さて、あの陸橋に昇ろうか。何があるかわからぬ人は、いまい。風をこらえながら昇っていくと、そこに遠大な七里御浜が眼下に横たわっている。そして見晴るかさんばかりの太平洋。しかしあまりにも何ももなさ過ぎて、とらえどころがなかった。そこもまた和歌山と違うところだ。しかも砂浜じゃなく、砂礫海岸。これほどの規模は見たことがない。いったいこれだけの石ころはどこから来たのかと思う。石なんか取り放題だ。私は一言、「来たか。」 とつぶやいたきり、襟巻を締め直して、したり顔で海岸に降りていく。人なんかだーれもおらんといってもいい。こんな寒い時季にこんな何もないところに来る人はいないのだ。一直線な国道を跨ぐデッキを螺旋に降りながら、「昔はこういうところも結構はやったんだろうなあ。何もないところにレジャーを生み出す気概があったし、交通網もそんなに発達していなかったから、近場で済まさざるを得なてところもあった、と」 わさわざ海を見る、そういう行為すら、古いものになっている気もする。しかし私はその心の動きから逃れられそうもない。ええ、私は古い人ですよ。けれども! まだまだ余裕があるじゃないですか。そういって、浜に足を踏み入れた。 息子と父かどうかはわからぬが、片隅で談笑していた。風が強くて、何を話しているかはさっぱり聞こえない。いい関係だなと思いつつ、離れるが、手前側は工事現場みたない浜で、黒土と砂利だ。車が走れそうである。しかし砂礫浜まで来ると、足がすぐ石ころに埋まり、歩きにくいことこの上ない。しかも驚いたことに、汀に向かって砂礫の山が急傾斜で落ち込んでいる。なんぞこれは!と思う。降りようと思うのだが、石がどんどん上から落ちてきて、すごい音を立てる。まるで蟻地獄にはまったかのようだ。ずっと遠くに人影があるので、自分が石に呑み込まれていくこの音が聞こえてるんじゃないかと凝視するが、聞こえるわけもないのだった。自分まわりでこれだけの石が崩れると、大惨事で大変なことをしているのではないかと思うのだが、全体を見渡せば、ほんとうに瑣末なことでしかないのだった。こうやって死んでいくとするなら、本当にそれは些細なことなのだろう。自然に襲われて亡き者となるその感触が、ここにはあった。こんな石ころの崩壊など、限りない規模でこの浜は繰り返しているのだろう。 そんな浜だから、引き波が石の間を通る音はもうやかましいぐらい。冬は風も強く、耳がおかしくなりそうである。レジャーも何もあったものではなさそうだった。
近くの道の駅でお菓子を買った。オークワが入っているんだ。昔のドライブインだが、客は無に等しかった。
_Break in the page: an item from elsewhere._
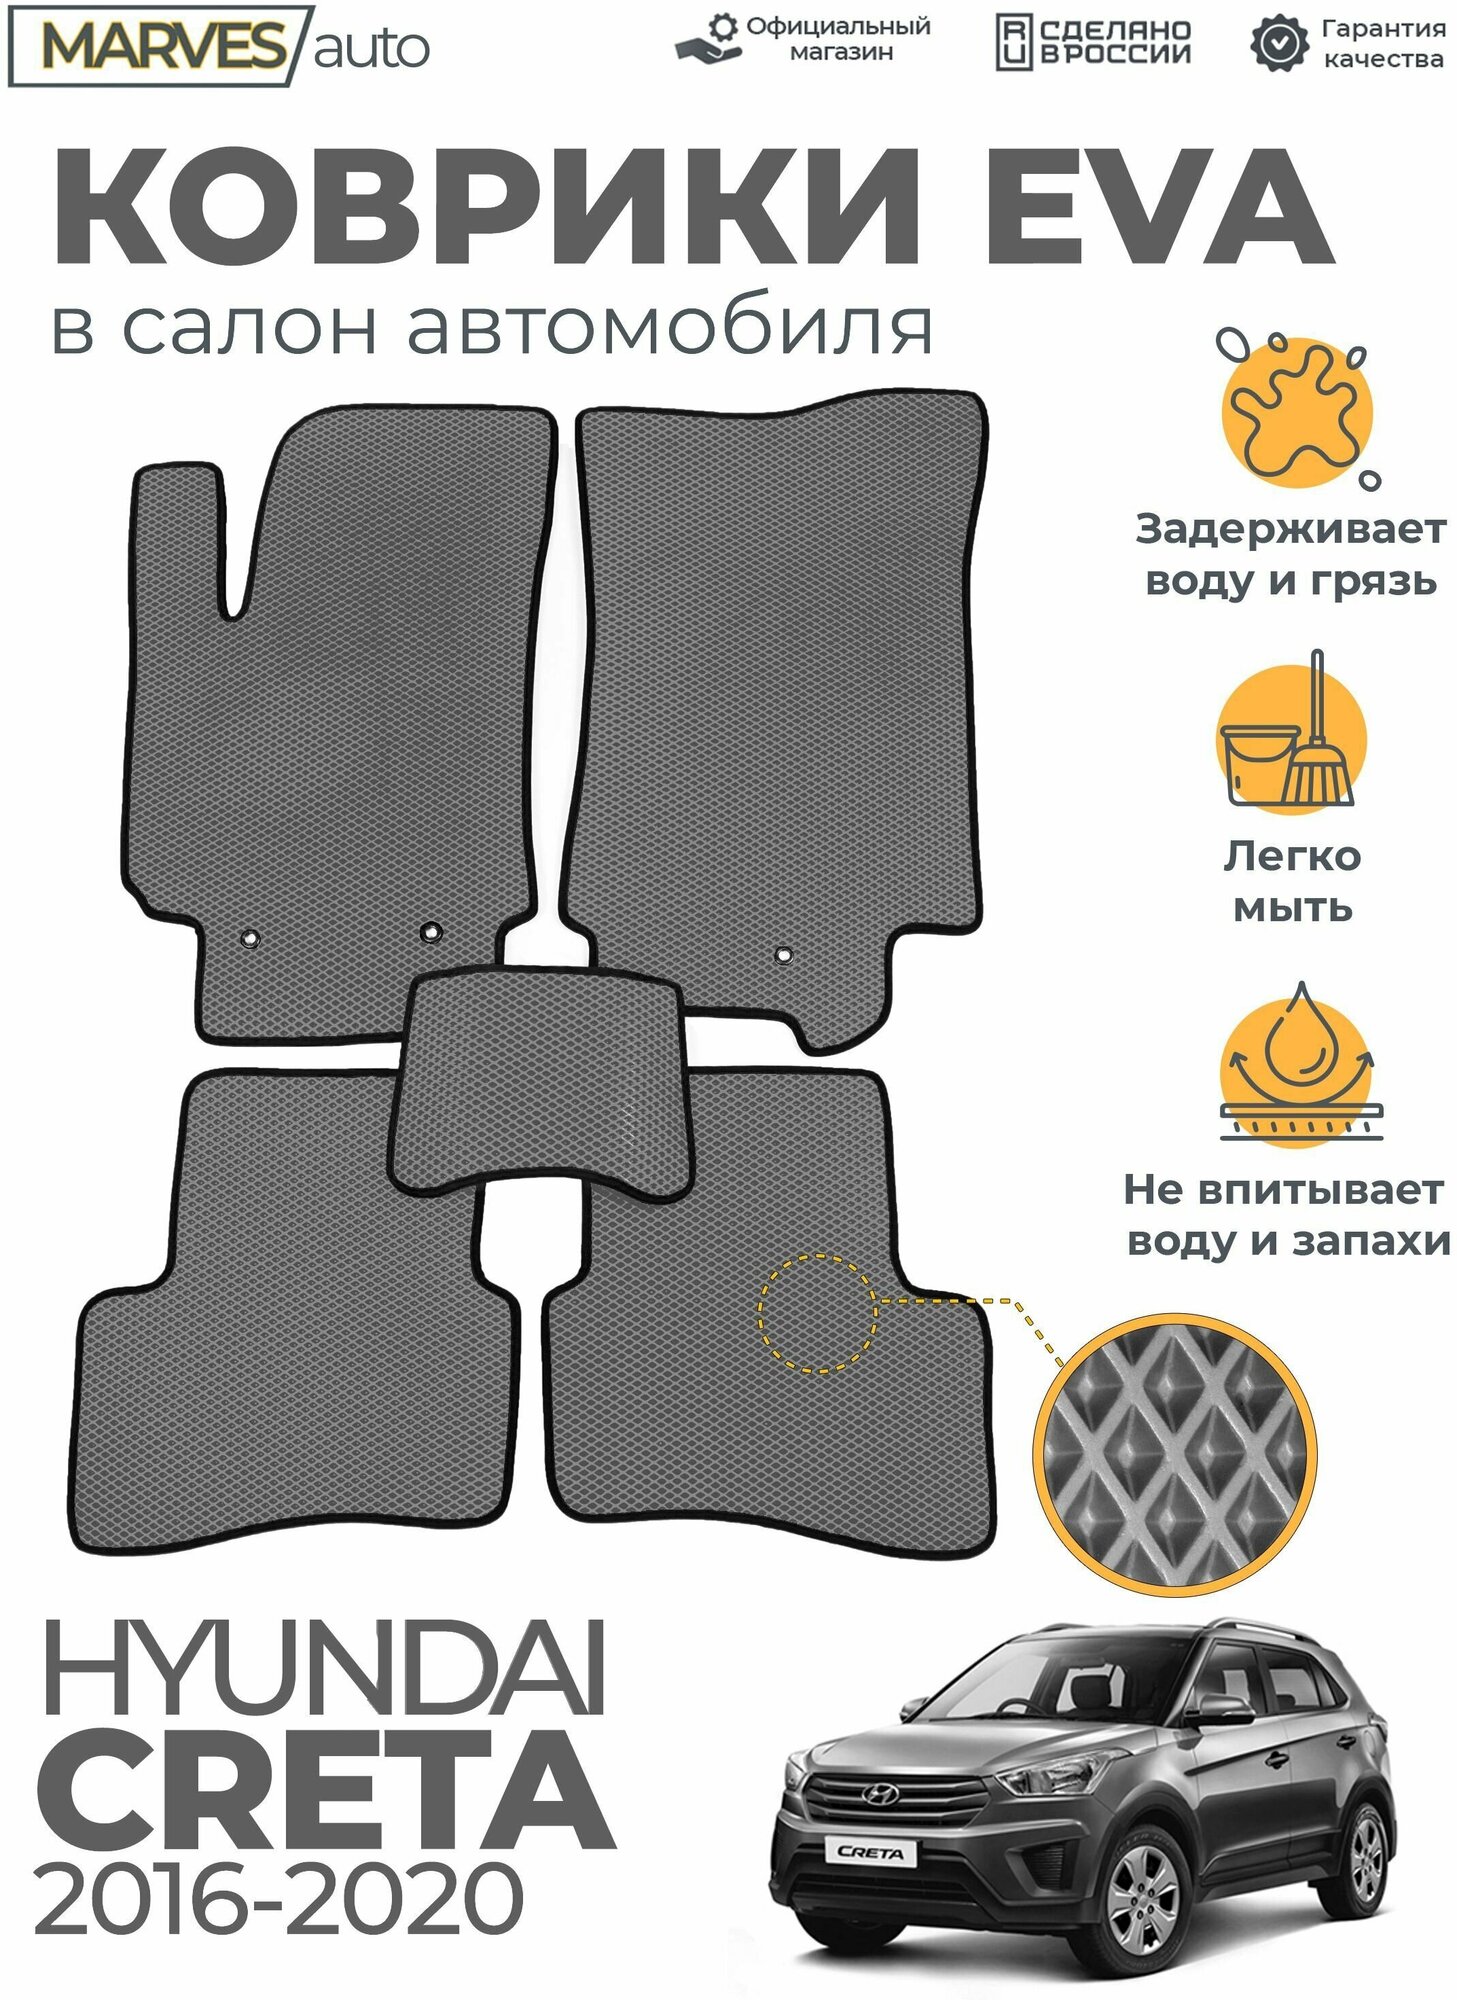 Коврики EVA (ЭВА, ЕВА) в салон автомобиля Hyundai Creta (2016-2020), комплект 5 шт, серый ромб/черный кант

はたしてオークワはどうやって儲けているのだろうと思ったり。紀州の旅路でこの系列にお世話にならないことはないだろう。滋賀の平和堂より親しみやすい感じだ。
やった来た列車に少し慌てて乗り込み、海辺の駅をガラス越しにする。着いたときよりも夕方の感じになっていた。こうしてまた、一日のハイライトが終わっていくのだと思うと別れというものを感じずにはいられなかった。